Exercise aim
Look below for the line with "Dorothée et AB". Retype it and every line after it to the end, exactly, but leave out the pictures.

Given data

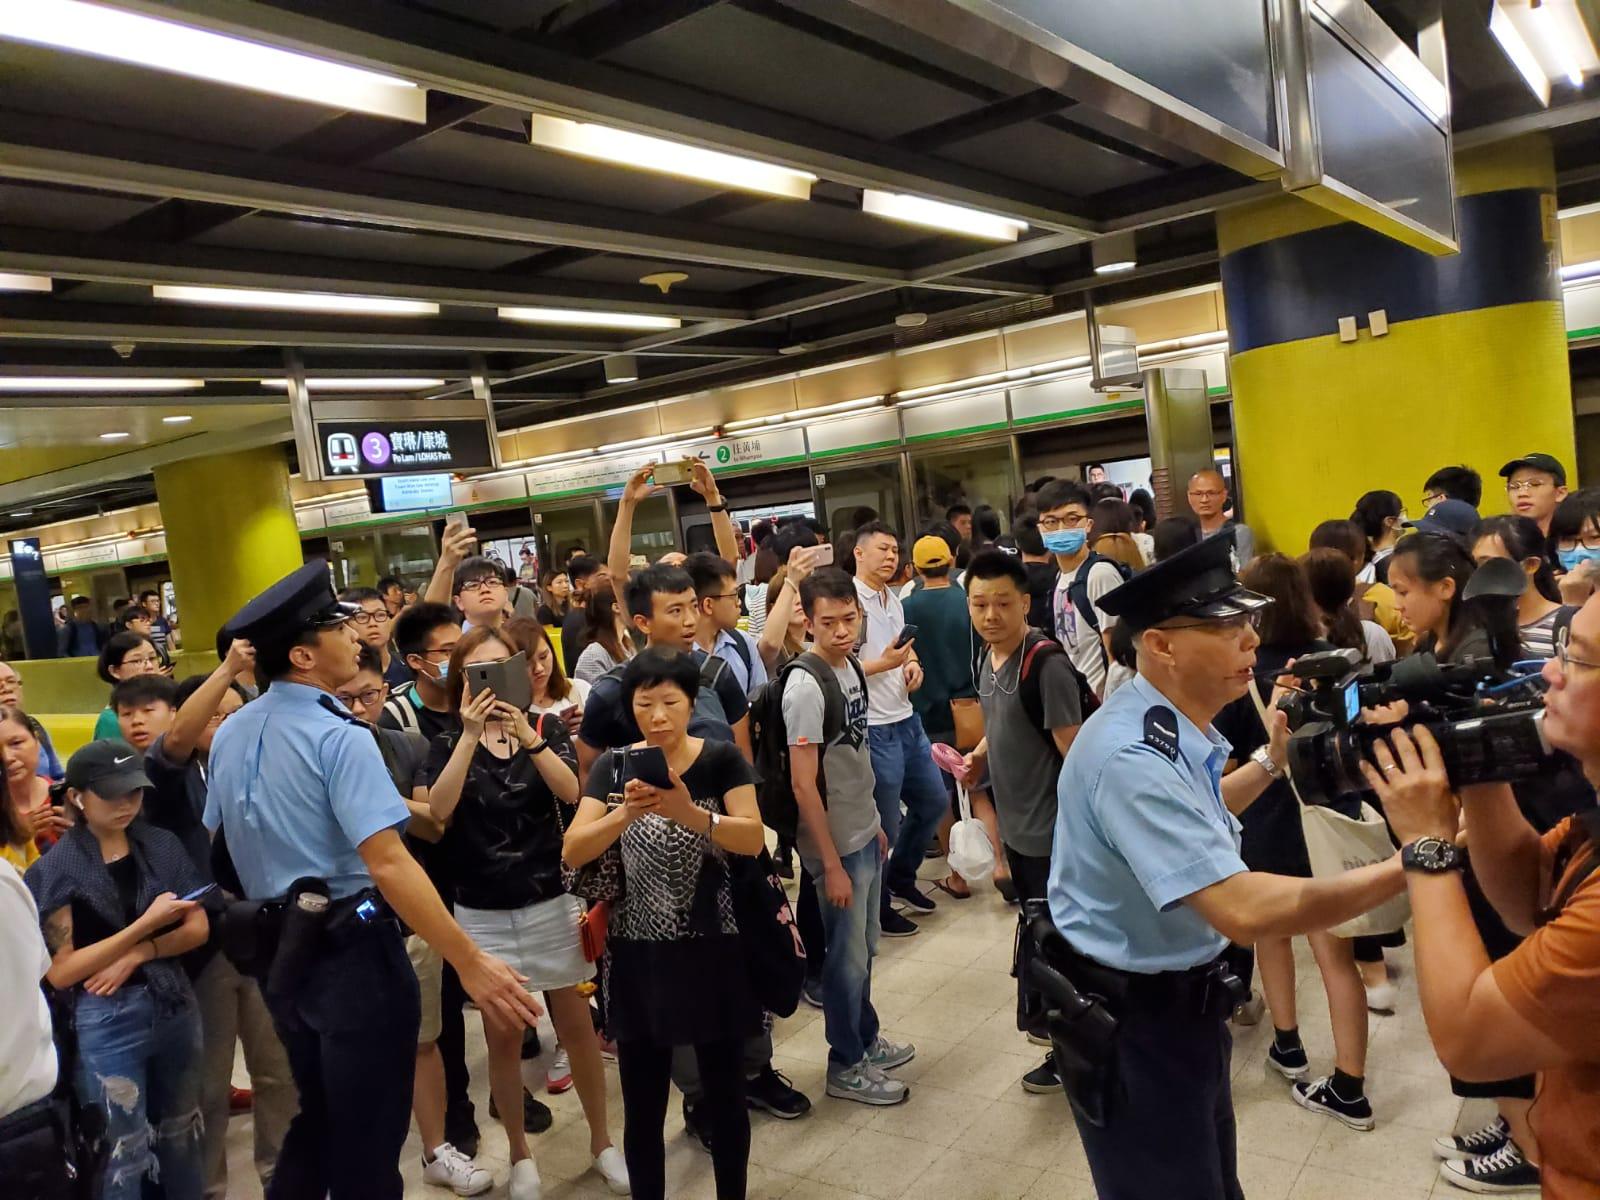 警員在月台維持秩序。
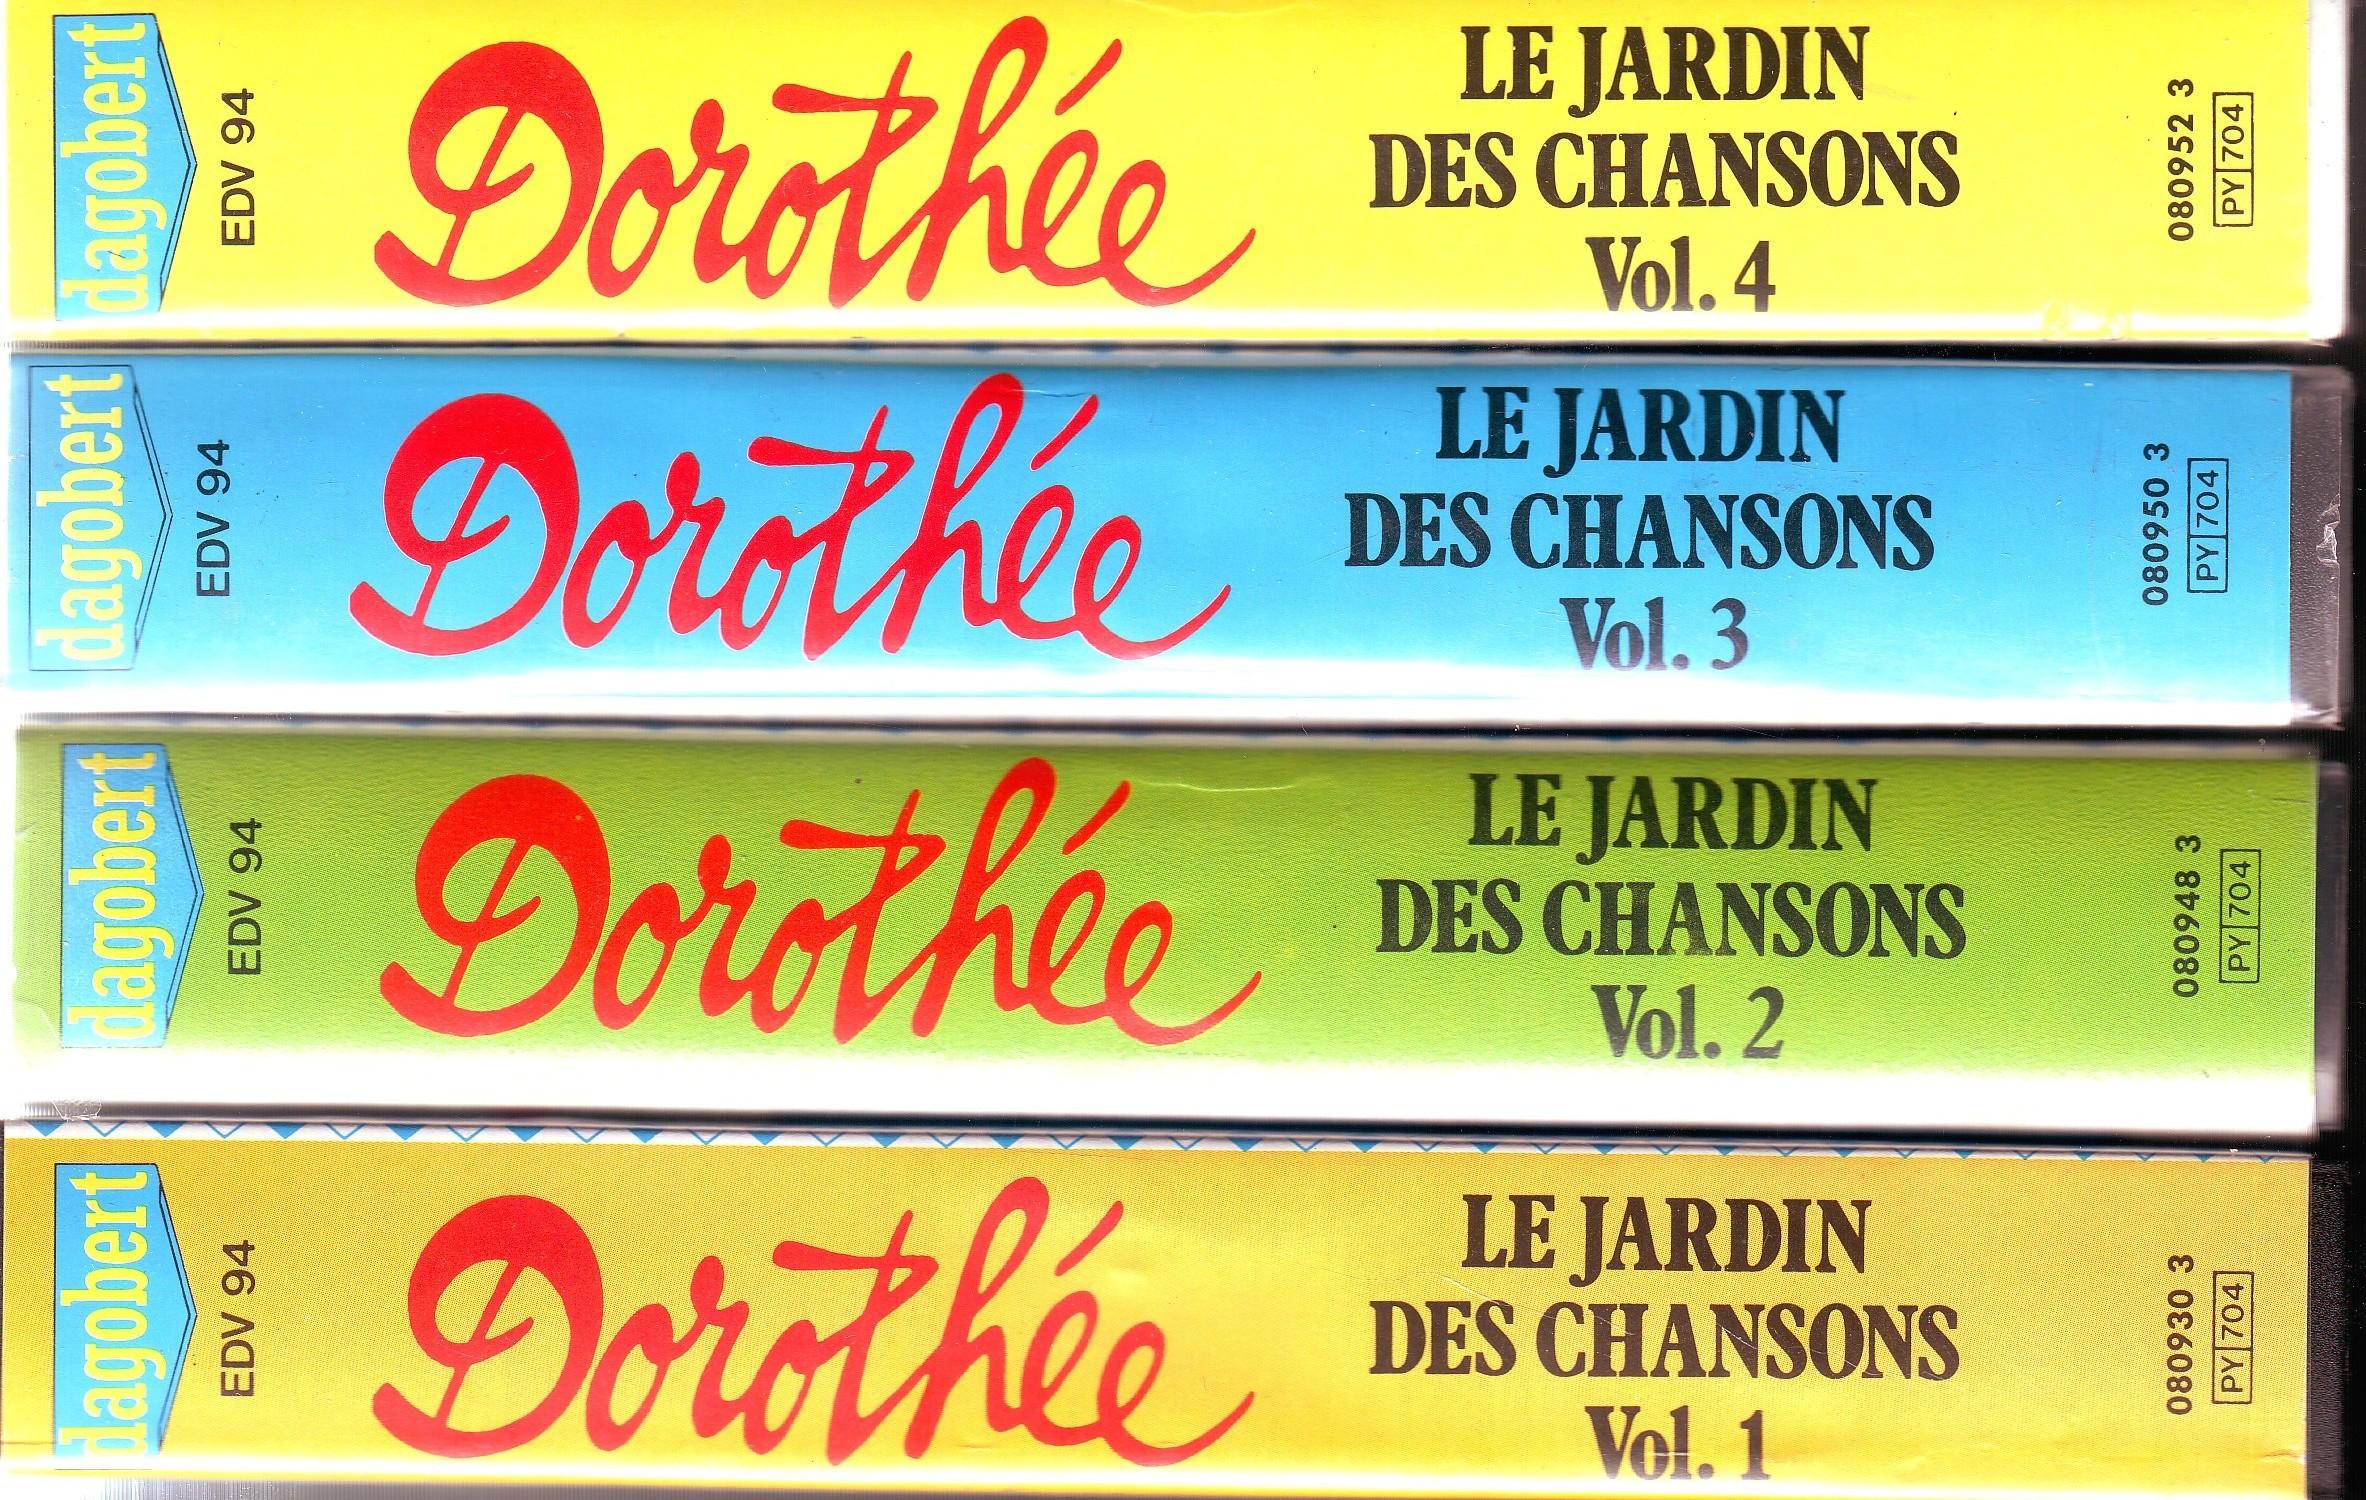 Dorothée et AB Productions (Récré A2 - Club Dorothée) Lejardindeschansons88
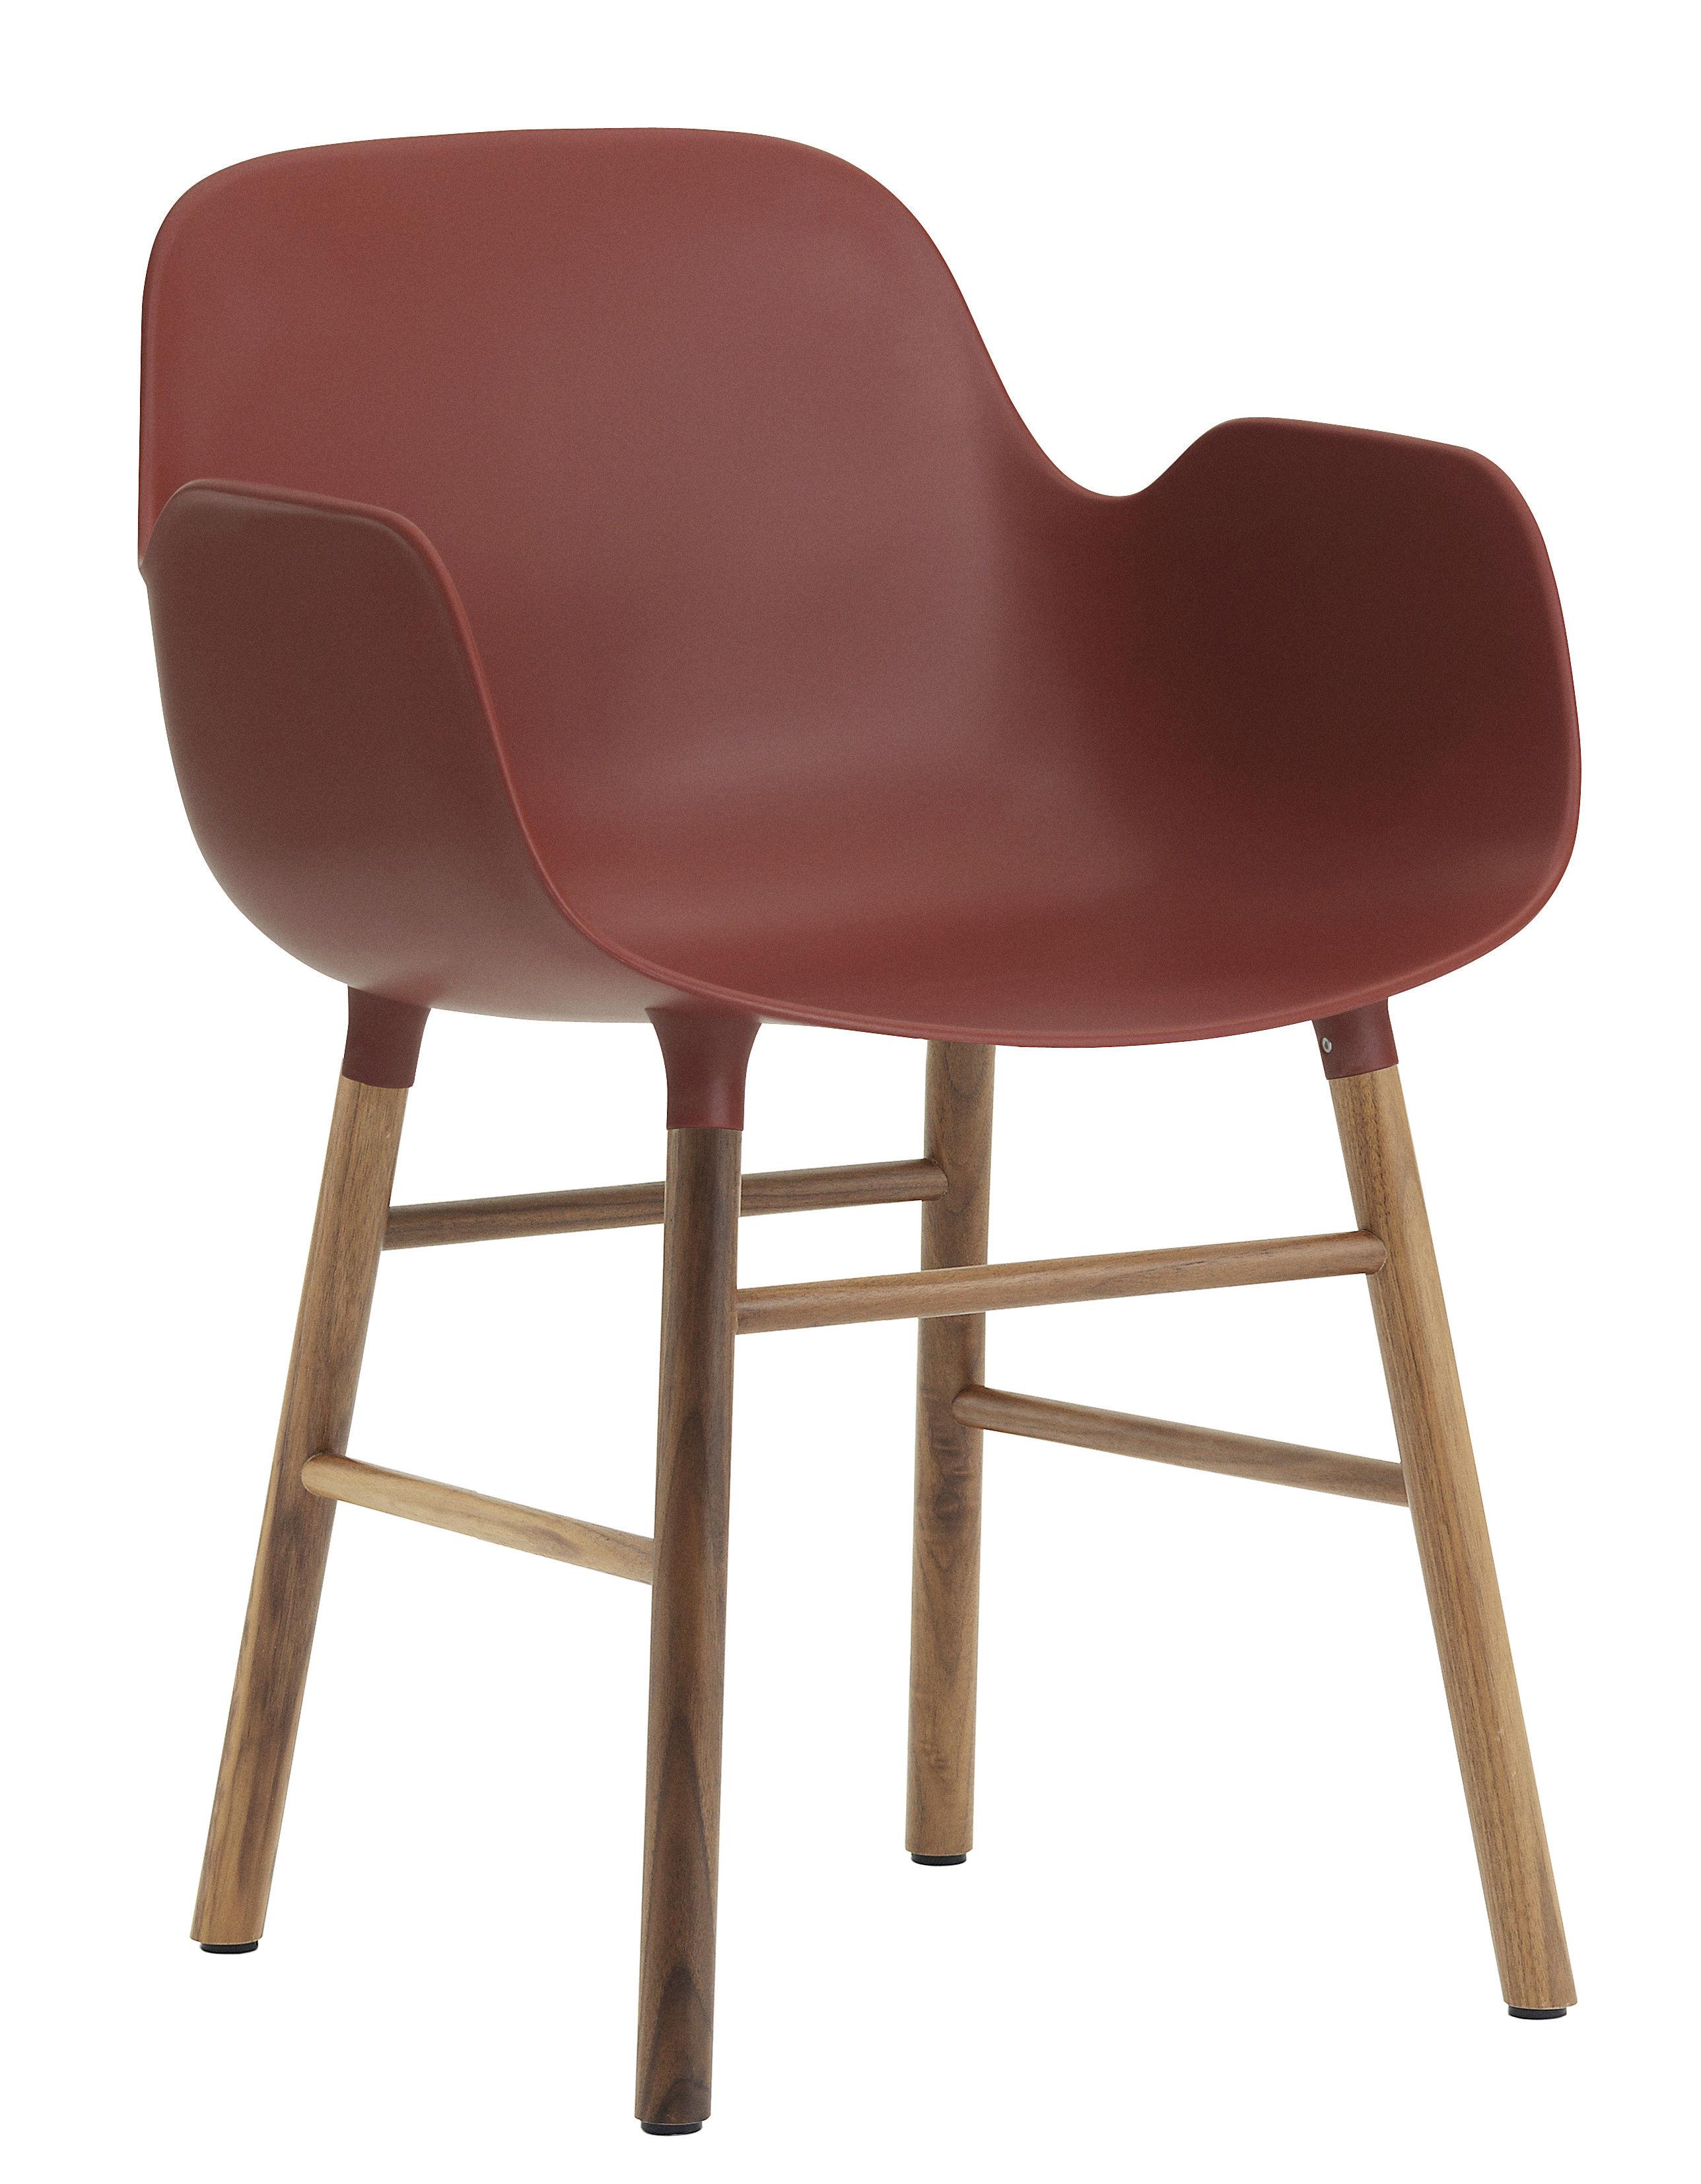 fauteuil form pied noyer rouge noyer normann copenhagen. Black Bedroom Furniture Sets. Home Design Ideas

Exercise solution
 Dorothée et AB Productions (Récré A2 - Club Dorothée) Lejardindeschansons88
 fauteuil form pied noyer rouge noyer normann copenhagen. Black Bedroom Furniture Sets. Home Design Ideas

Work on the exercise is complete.